Be bold. Be brave. Experiment.

Introduction

System calls are the major backbone of Windows in which user and operating system applications must interact with the computer’s hardware, or reach into internal structures within the system in order for the computer to function.

Due to them brokering user applications with the kernel, and Microsoft preventing EDRs from directly hooking System Service Dispatch Tables (aka Patch Guard), EDR vendors decided it is a good idea to hook .text sections in user-mode applications in order to help it determine what is going on in an application (one of many mechanisms used on modern Windows).

Sadly for the good guys, threat actors and security researchers came along with techniques such as Hells Gate (and the rest) which are capable of bypassing EDRs hooking stubs within NTDLL which wrap around the system call. I have previously proposed a method called Ghost Hunting which uses Alt Syscalls and a few other signals to determine whether a process has attempted to evade the EDR when making a system call.

Whilst this was successful, it relies upon EDRs making use of Alt Syscalls, of which I believe is a totally closed source Microsoft proprietary internal system. Hence, it is most likely only a ‘Gedankenexperiment’.

I am personally an advocate for EDRs being in the Kernel as a driver, it makes perfect sense given the level of scrutiny they need to have over a system. Of course, there is always the occasional argument for drivers causing a shutdown of half the planet (ahem), however I do not take this argument as you could probably make the same argument about any driver or Msft kernel release. It wont be the first driver to cause outages, nor will it likely be the last.

I have been thinking a lot lately about how to take EDRs out of the kernel (for fun), and how to beat threat actors who bypass EDR .text section hooking. At first glance, this may seem like two separate issues, however, I would like to propose a single solution to this.

As I said in the preface, this idea is more of an architectural design for the Windows Operating System, which would have to be implemented by Microsoft and this isn’t something which can be taken away (I don’t think?) by security vendors now. Nevertheless, I would like to posit this as a foundational concept which other people in the community make take away, think about, and maybe one day - build on!

System Call Integrity Layer

The System Call Integrity Layer (SCIL) is designed to be a subsystem within the Kernel which allows an EDR from Userland to hook System Calls via Alt Syscalls. The EDR can mark which processes are to be hooked, and can designate only particular System Service Numbers to hook.

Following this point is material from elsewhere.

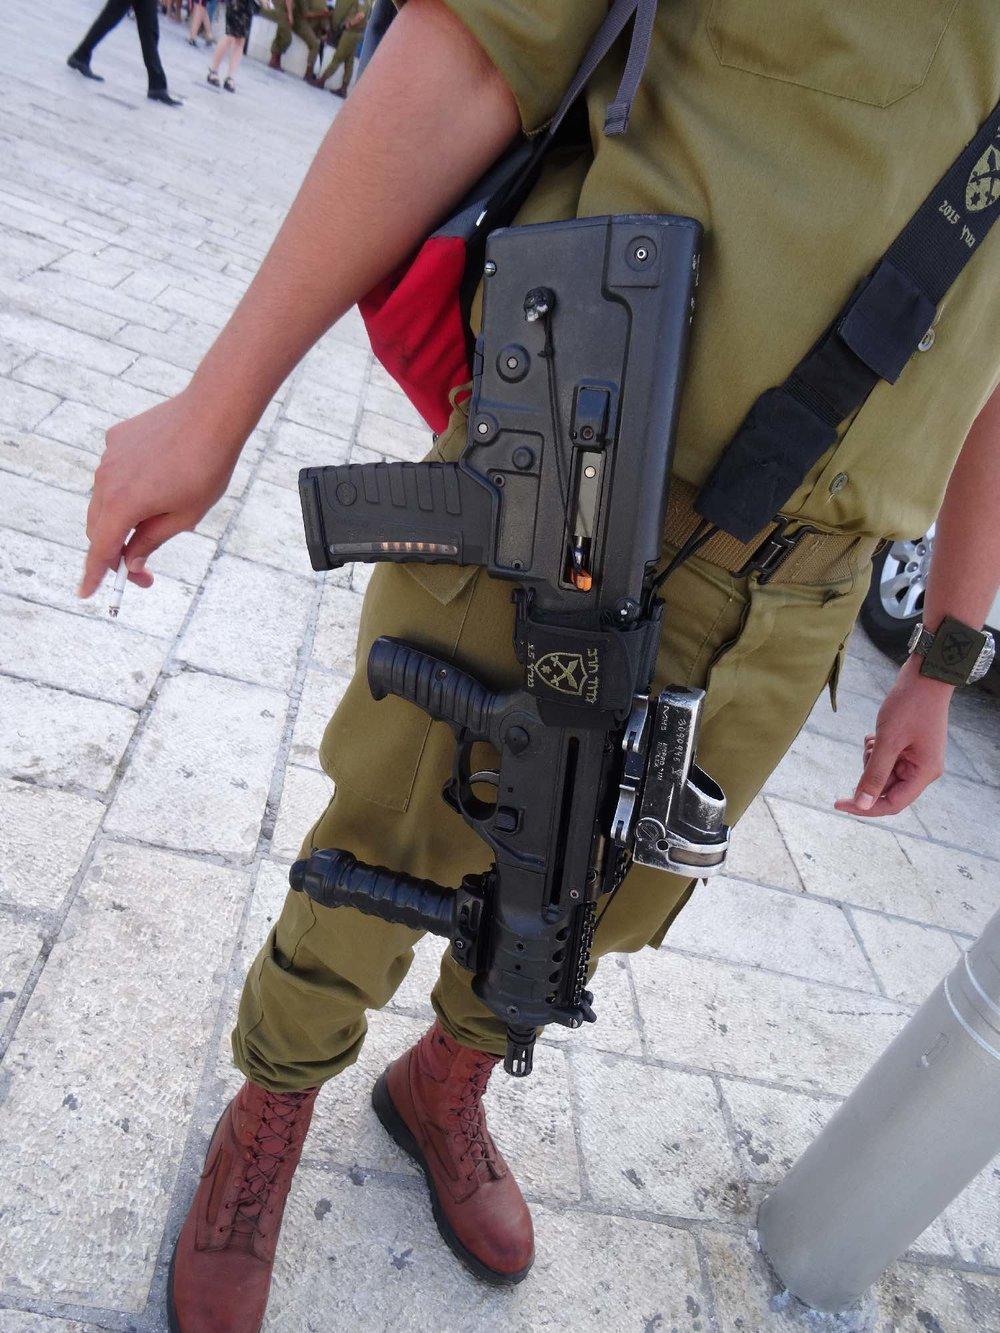 Jerusalem old city | Israeli army | Machine gun | photo sandrine cohen

Architecturally the ideal secure solution to this would look as follows:

System Call Integrity Layer VTL1 Architecture

The SCIL subsystem then has two main functions when it is in motion:

Log system calls and parameters (this is essentially a similar feed to Events Tracing for Windows: Threat Intelligence).
For processes / system calls which require deep inspection:
1. Suspend the system call temporarily via a synchronisation object.
2. Communicate with the userland EDR application (EDR no longer in the kernel for this) notifying of a Pending Syscall Object (PSO). I haven’t yet designed exactly what PSOs will contain / point to.
3. The user-mode EDR application can then do EDR things it would ordinarily do in ntdll etc before allowing a syscall to dispatch.
4. If the EDR ok’s it, signal back to the SCIL subsystem to release the synchronisation object, which allows the syscall to continue dispatching.

The subsystem in practice would also need short-circuits in the event the EDR user-land handler of the malfunctioning / taking too long. Any such cases can then still have telemetry ingest to the EDR via point 1 above with the signal emission. This process in practice would look as follows (recall for this I am not using VBS):

System Call Integrity Layer Architecture

The recommendation would be for only a certain subset of system calls to be hooked via SCIL as to not exhaust the system with constant waiting, context switching etc. Some good candidates could be:

NtOpenProcess
NtAllocateVirtualMemory
NtWriteVirtualMemory
NtContinue
NtCreateThread
NtCreateProcess
NtProtectVirtualMemory
NtMapViewOfSection

The advantage of a security subsystem aimed at EDR vendors / Security Vendors, would be Microsoft can provide additional APIs such as GetThreadContext which could be used directly in a supported way for the EDR to do things like detecting Vectored Exception Handler abuse.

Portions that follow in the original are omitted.